--- START ---

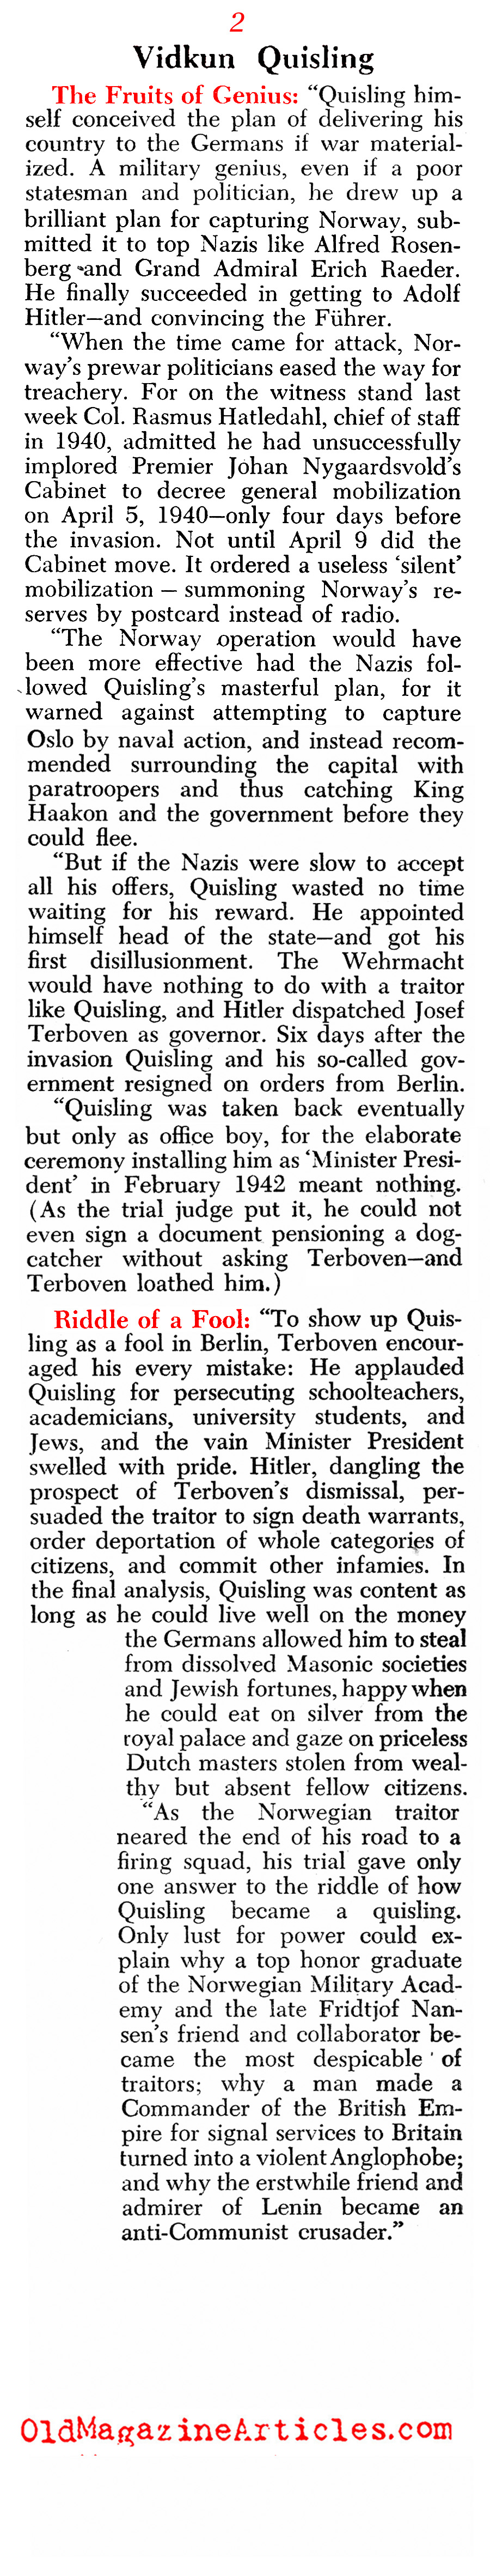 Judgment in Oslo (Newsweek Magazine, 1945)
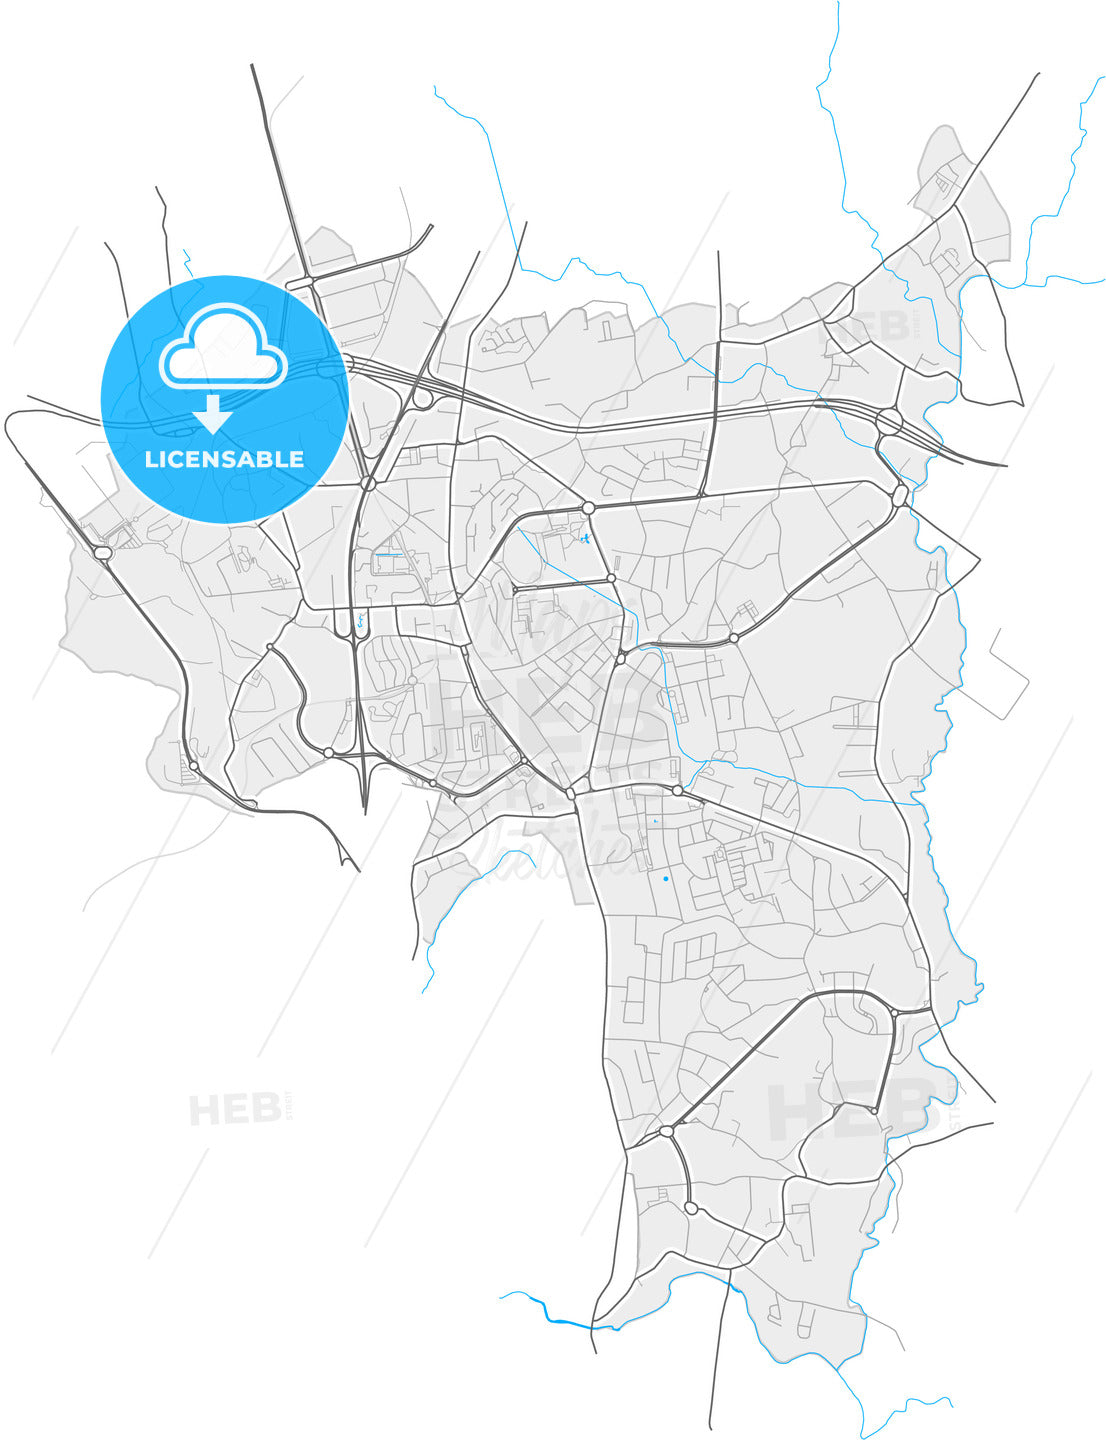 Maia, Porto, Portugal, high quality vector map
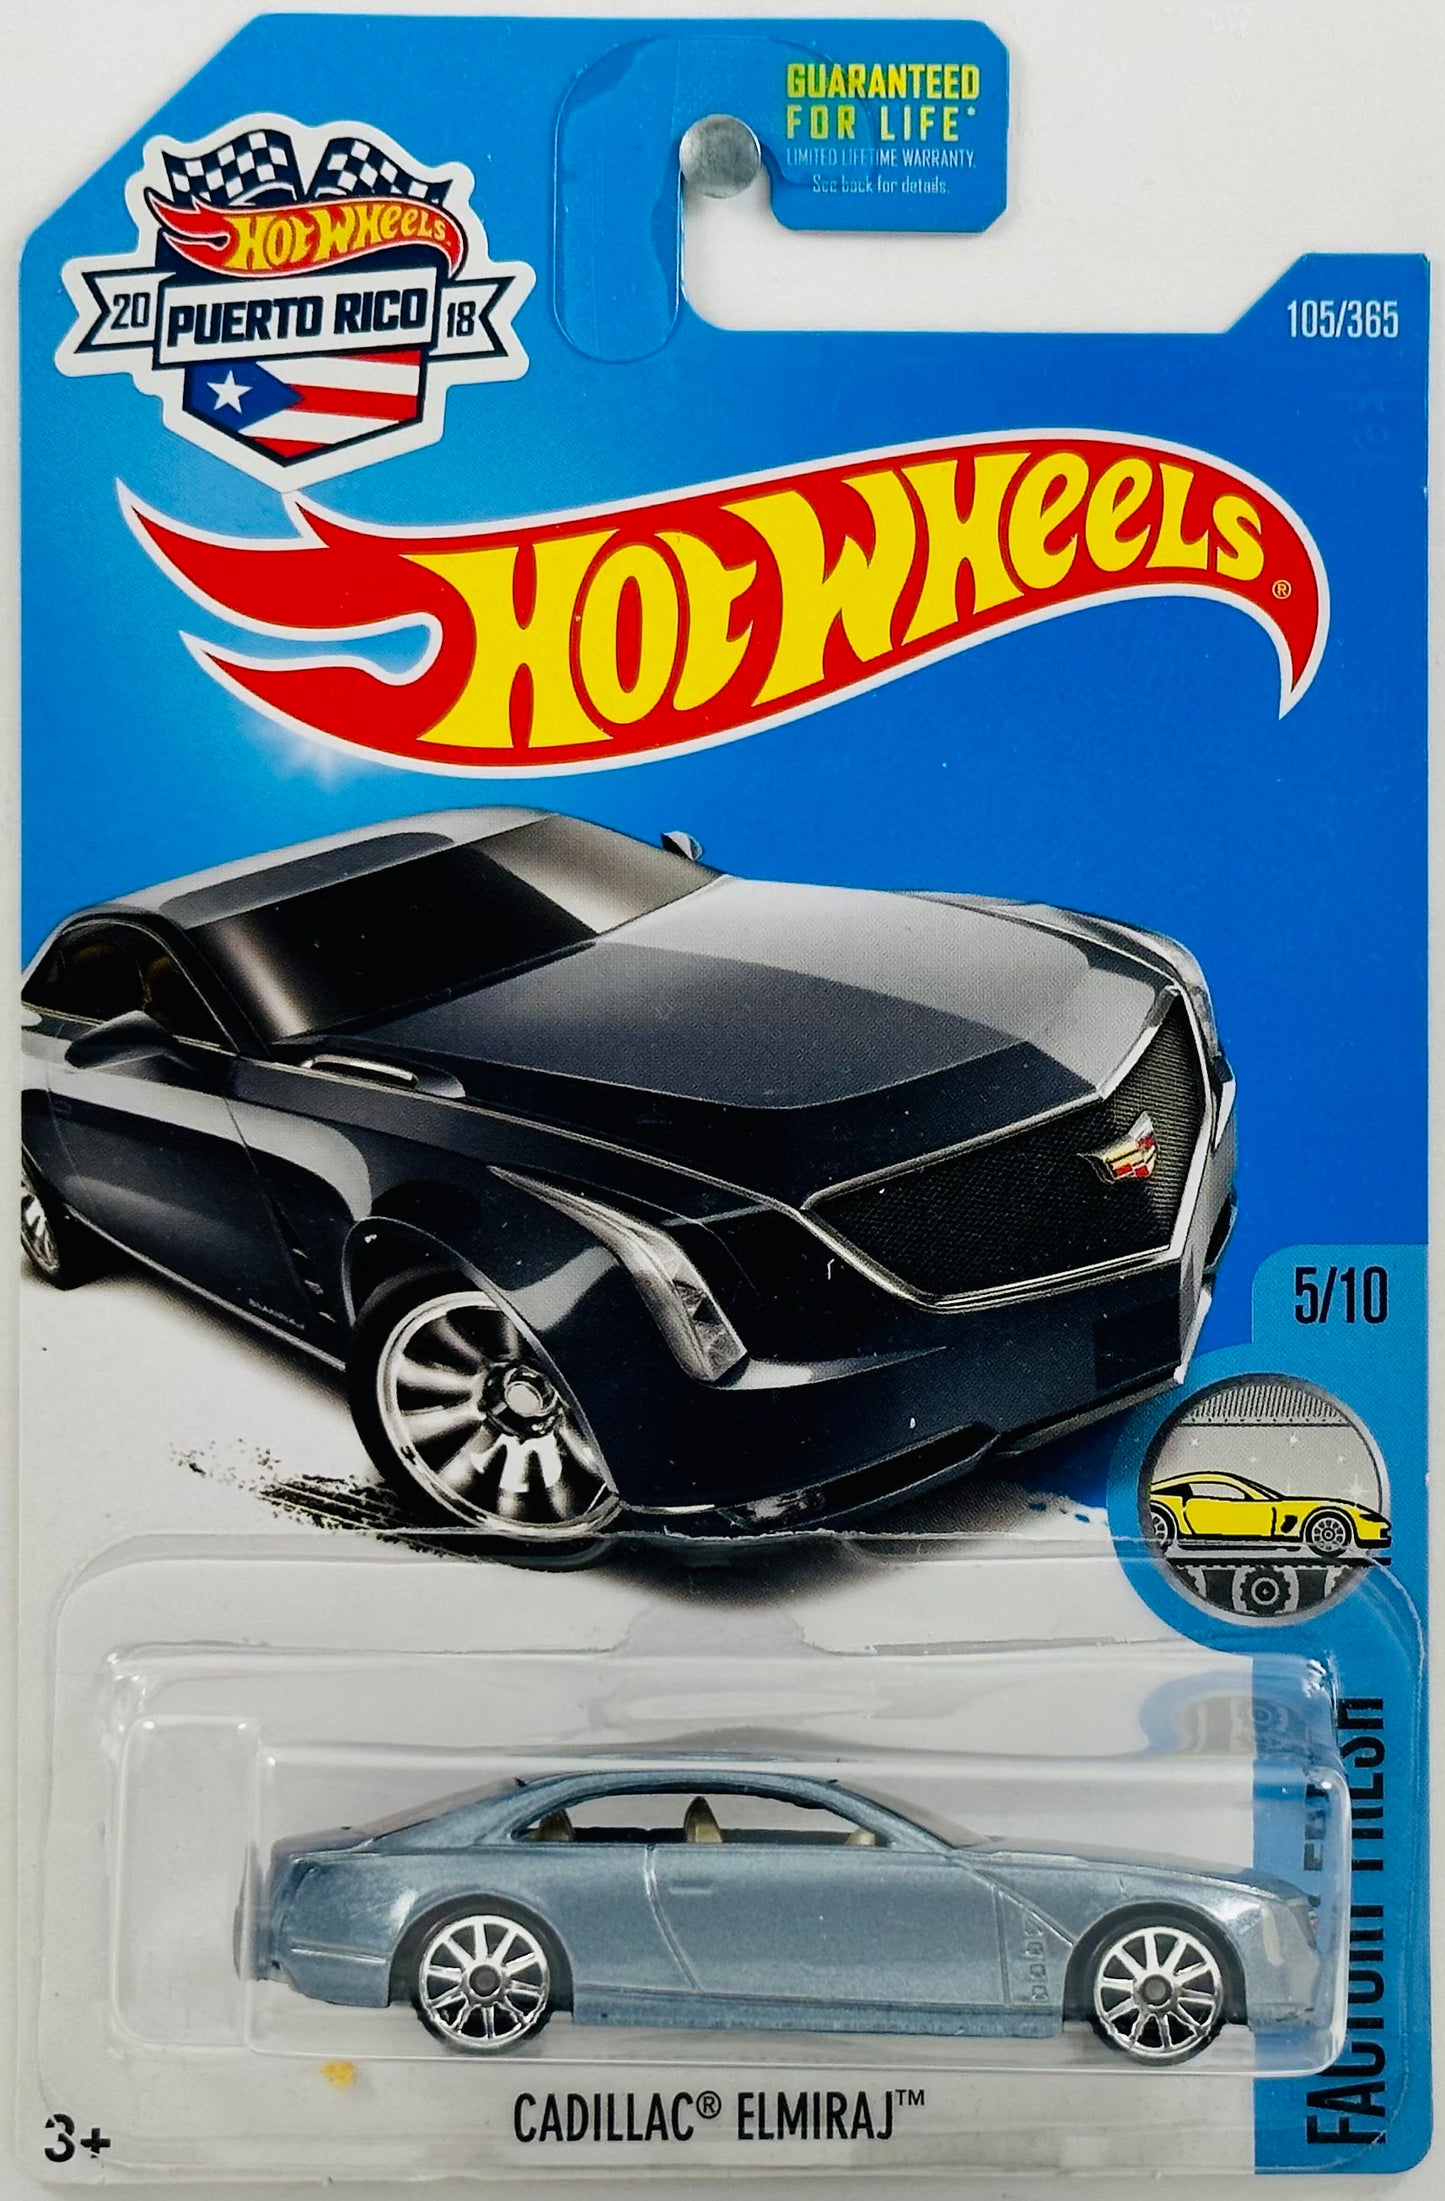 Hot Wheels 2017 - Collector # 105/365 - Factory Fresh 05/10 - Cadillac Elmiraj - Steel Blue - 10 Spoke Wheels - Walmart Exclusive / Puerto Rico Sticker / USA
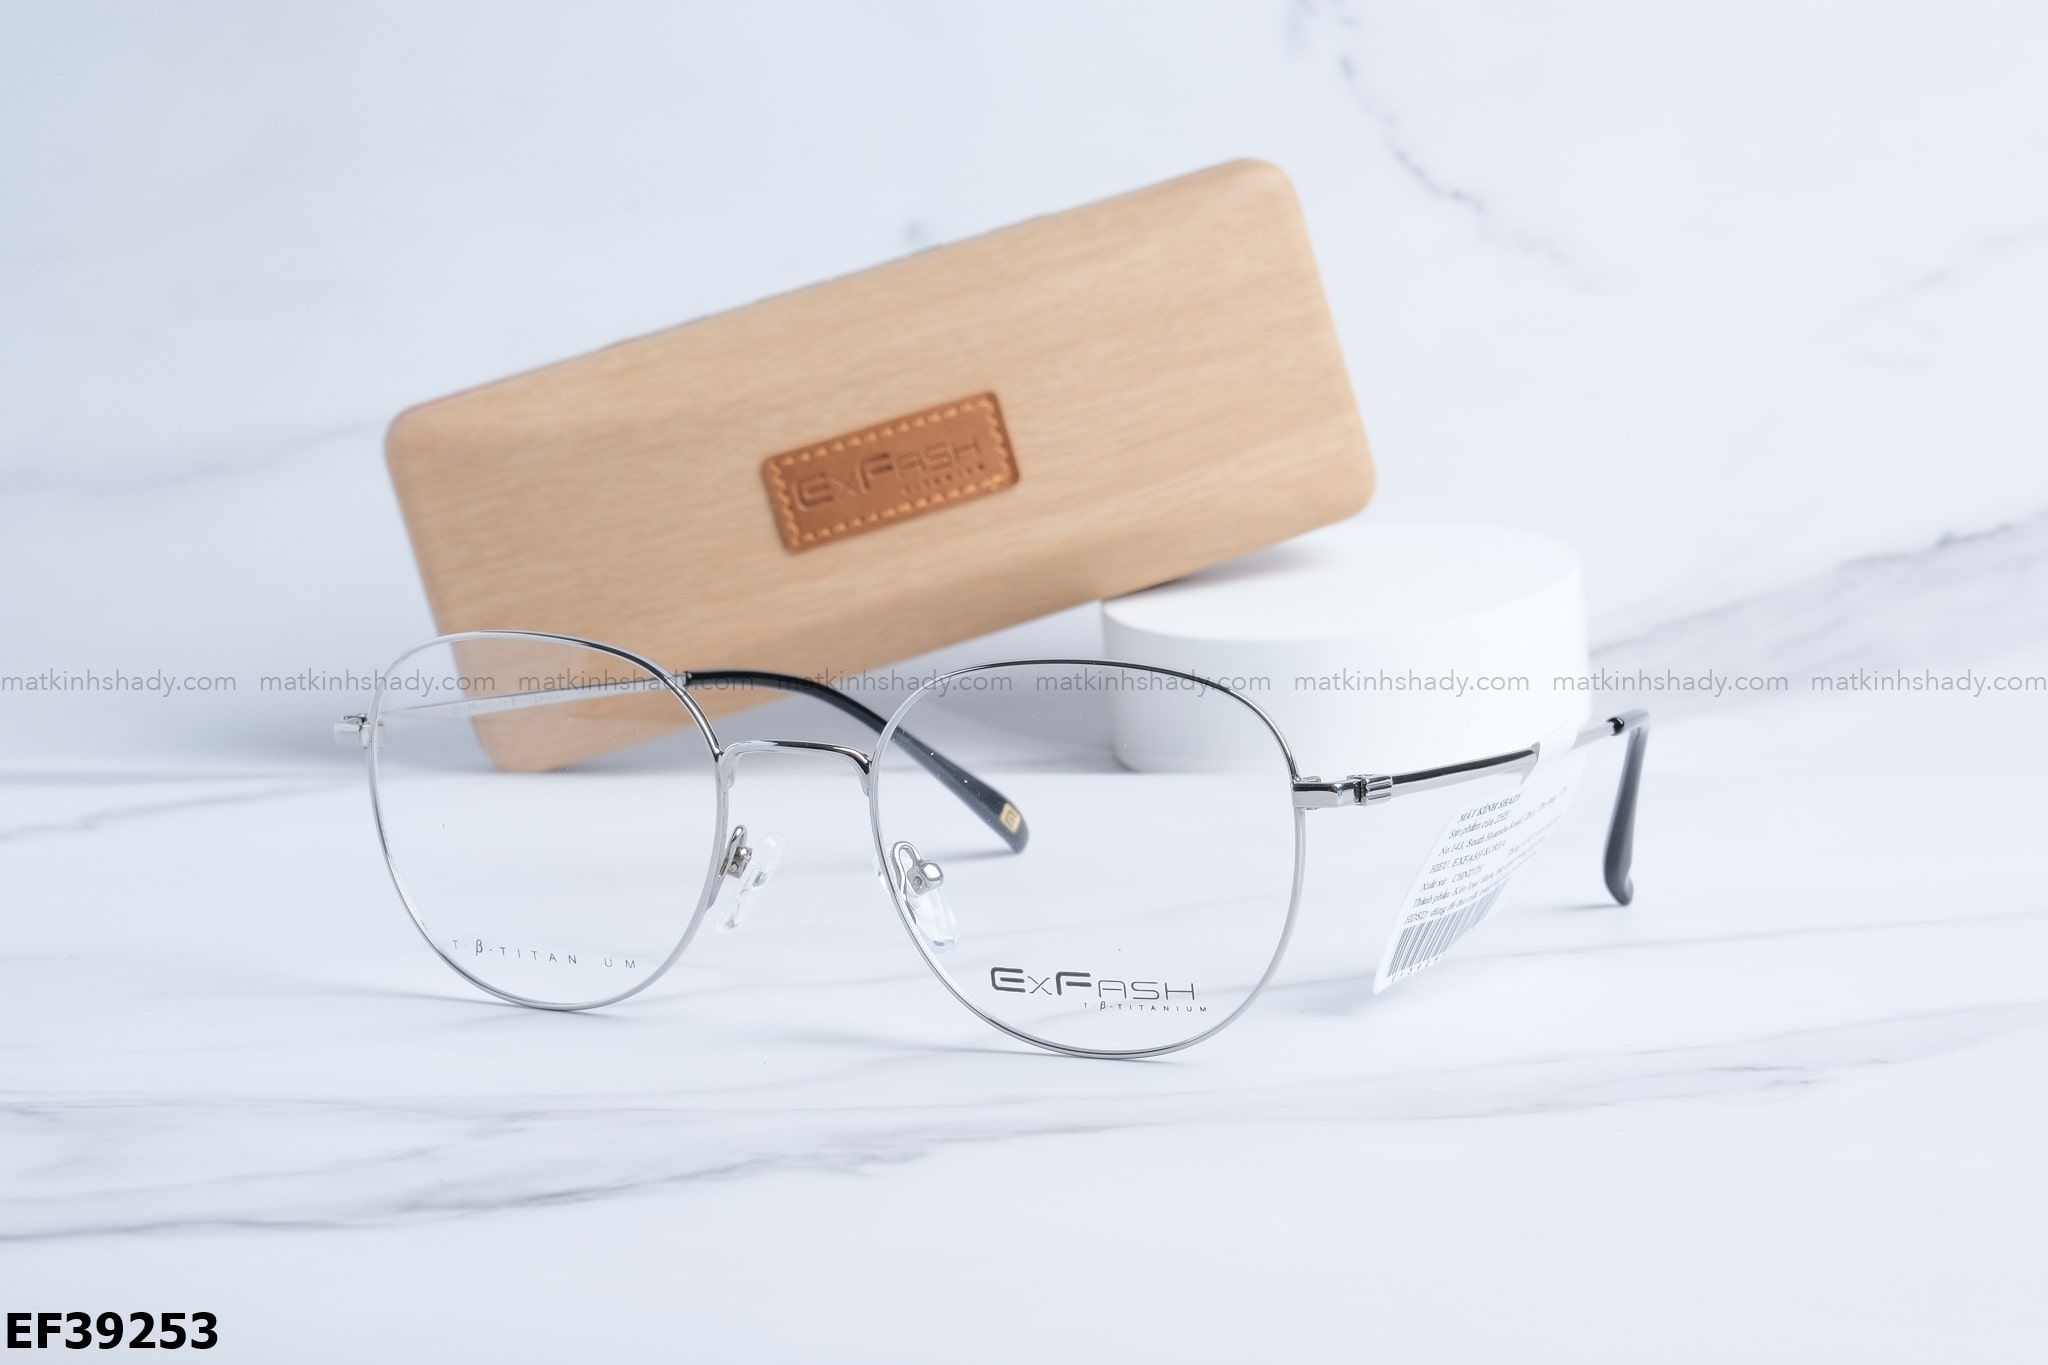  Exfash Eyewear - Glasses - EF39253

--- END ---

Your task is to repeat exactly the lines from the one containing "Hot Wheels 2017" through the end of the material, both included, and only those, without pictures.

> [Response to the exercise]:
 Hot Wheels 2017 - Collector # 105/365 - Factory Fresh 05/10 - Cadillac Elmiraj - Steel Blue - 10 Spoke Wheels - Walmart Exclusive / Puerto Rico Sticker / USA
  Exfash Eyewear - Glasses - EF39253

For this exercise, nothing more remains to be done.